Because Forven routes live orders to HyperLiquid, it is common to hold both Binance and HyperLiquid candles for the same symbol. The quality check can compare the two — see the divergence note under Verifying quality below.
Binance Vision
Binance Vision is the bulk historical downloader. It pulls monthly and daily archives directly from data.binance.vision, which is the fastest way to seed years of history without thousands of paginated API calls.
It is built to survive interruptions: it probes for the true start date of a symbol, tracks which dates it has already covered, and resumes a partial backfill rather than restarting. Use it for the first big backfill of a symbol; use Binance for keeping the tail current.
Polygon.io
Polygon is the multi-asset source — stocks (AAPL), forex (EUR-USD), indices, and crypto. It is the only source here that requires a key.
Set the key in Settings → API Keys or via the POLYGON_API_KEY environment variable. Without it, Polygon will not appear as usable in the /data ingestion picker.

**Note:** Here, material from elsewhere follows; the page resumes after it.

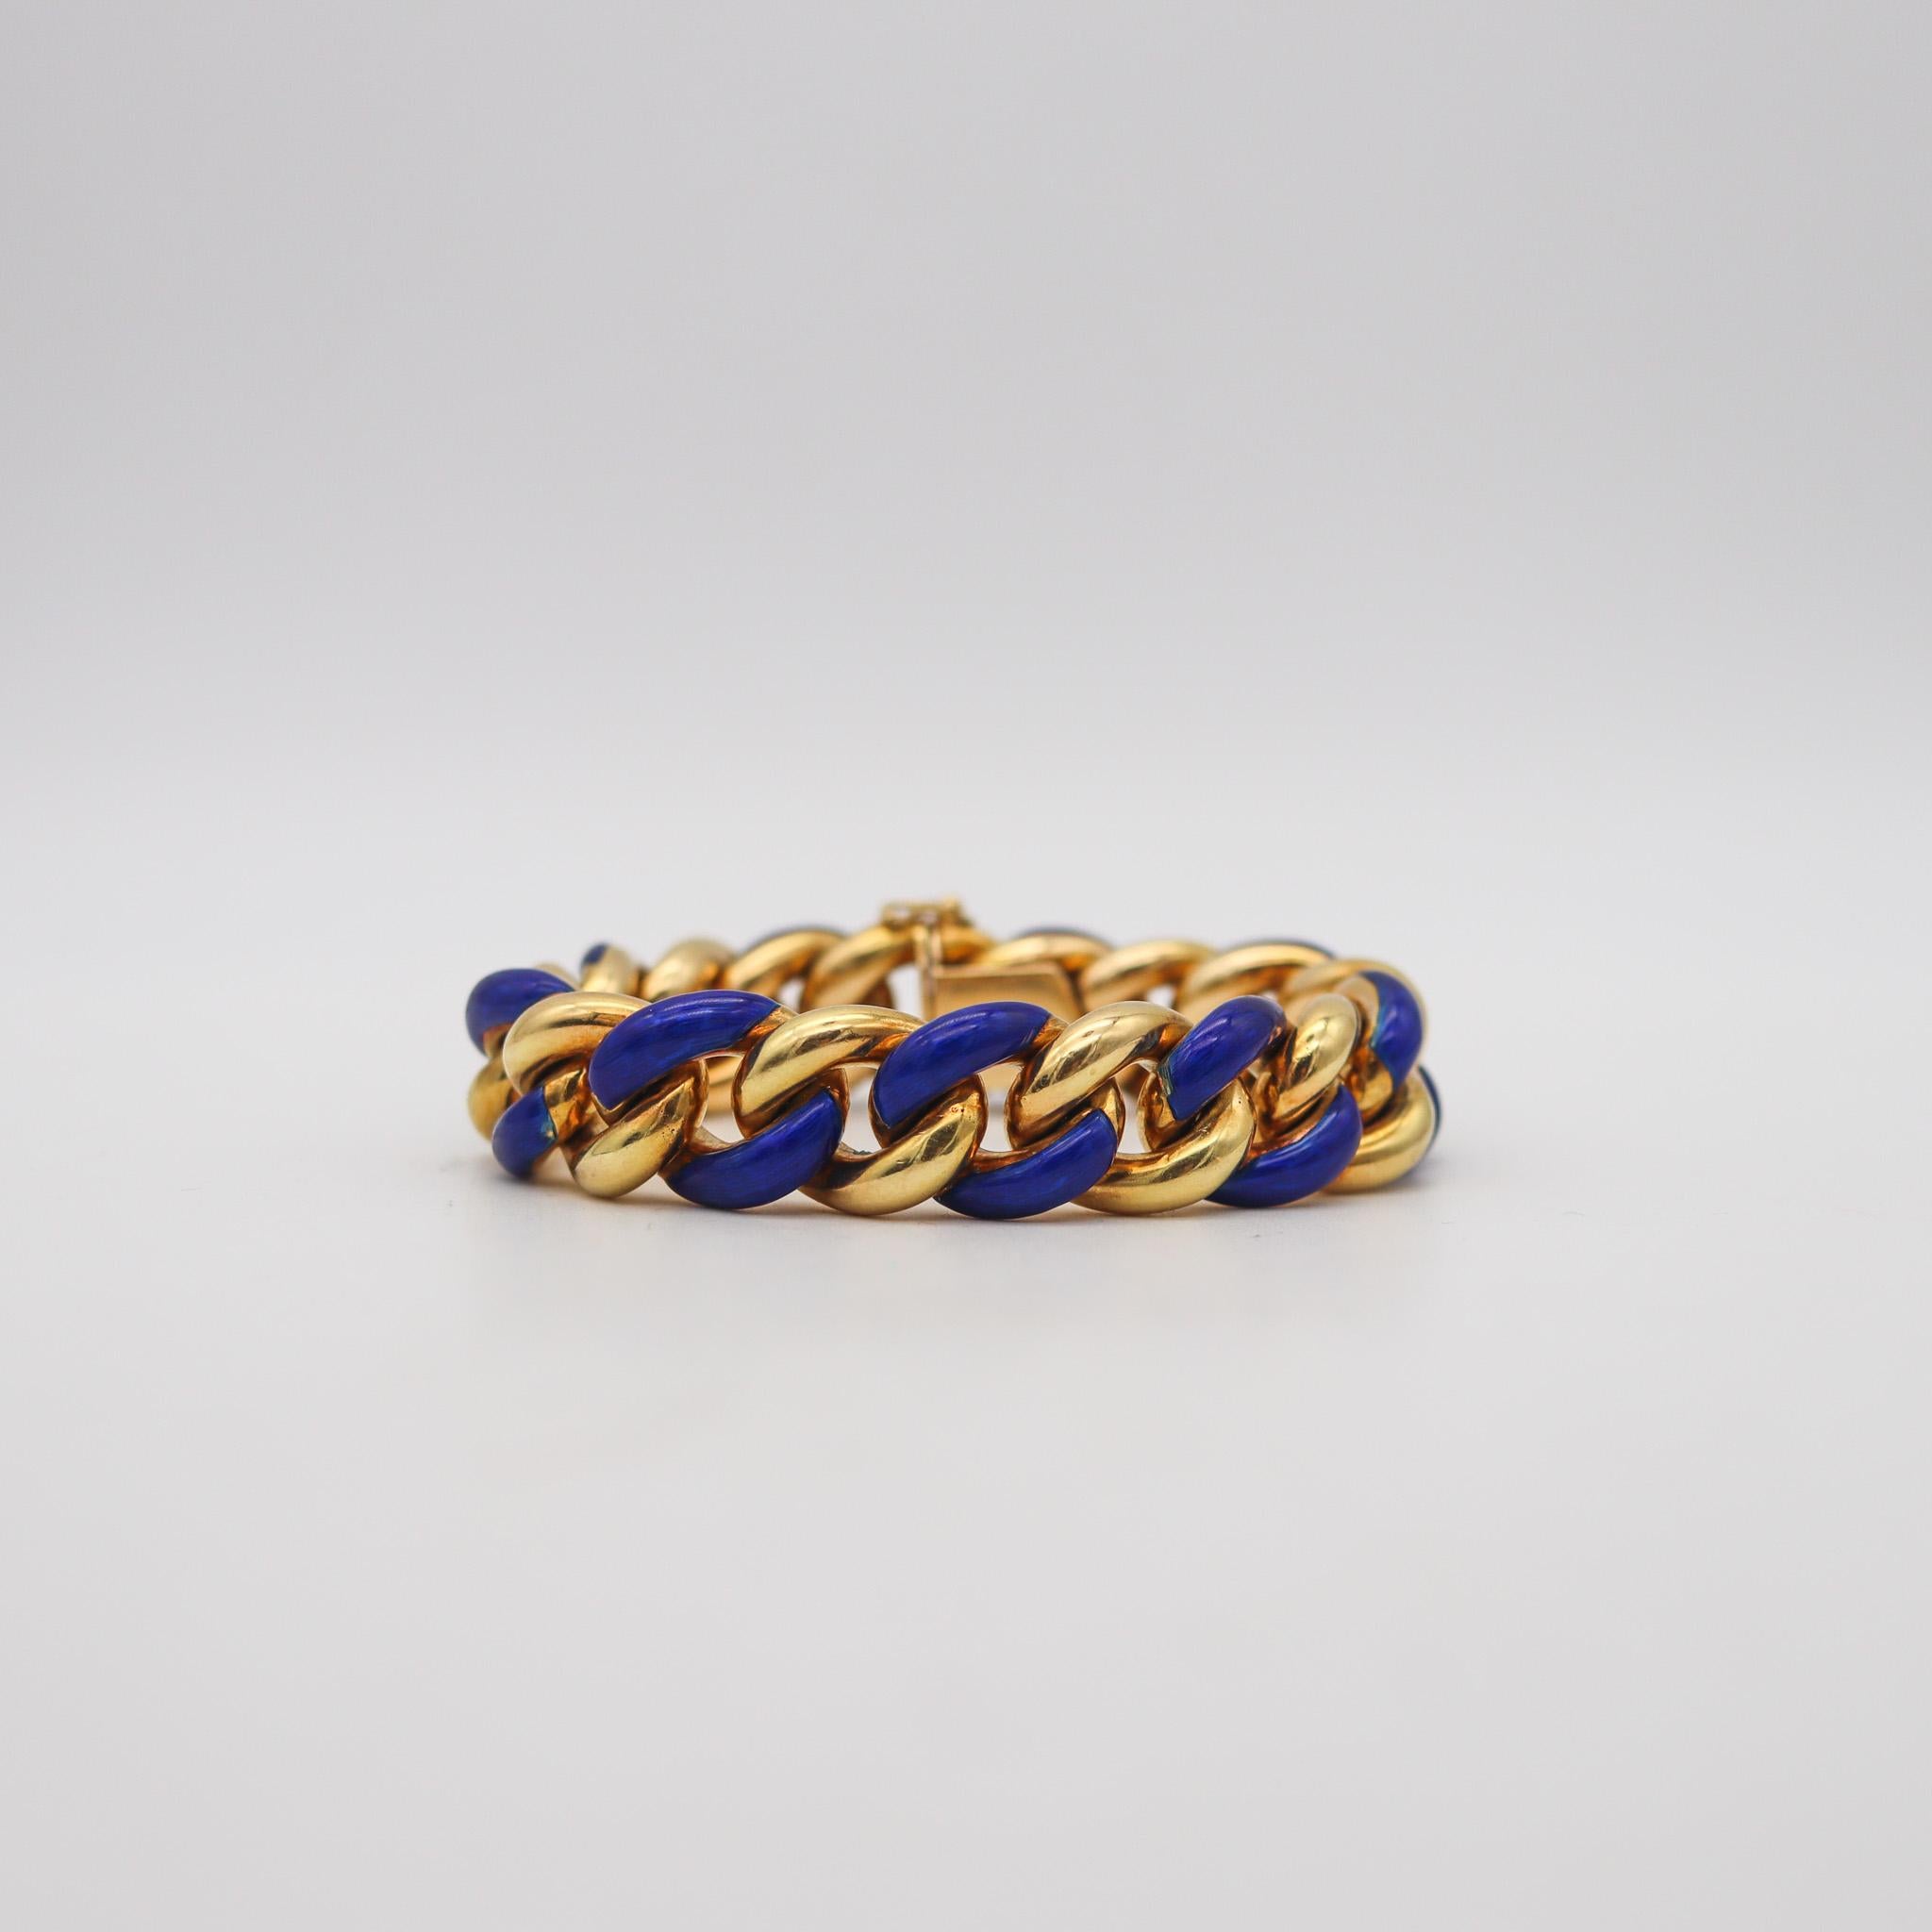 Bracelet émaillé conçu par Gay Freres.

Magnifique bracelet, créé à Paris en France pendant la période moderniste, dans les années 1970. Ce superbe bracelet à maillons a été fabriqué dans l'atelier de joaillerie de Gay Frères en or jaune massif de

# Provide the Polygon key via environment variable
$env:POLYGON_API_KEY = "your-polygon-key"The Polygon client rate-limits itself conservatively at 4 calls per minute by default, which sits just under the free tier's ~5/min ceiling. The number below is illustrative of the free tier, not a guarantee — if you have a paid plan with higher quota and you are seeing throttling, raise the limit.
Yahoo Finance
Yahoo supplies the macro series Forven uses for context and enrichment — VIX, DXY, bond yields, and sector ETFs. You will rarely fetch from it directly; it feeds the macro enrichment stream described below.
CSV upload
CSV import lets you bring your own bars. One caveat worth knowing up front: if you import a CSV for a symbol/timeframe you also fetch from Binance, the two can collide. Forven does not lose the earlier data — both are combined on save — but the last source to write stamps the dataset's source metadata. Decide which source is canonical for a symbol and stick to it.
Symbol formats
The same instrument is spelled differently by each source. Forven normalizes between four formats at the import and export boundaries, so you generally type the canonical form and let the layer translate.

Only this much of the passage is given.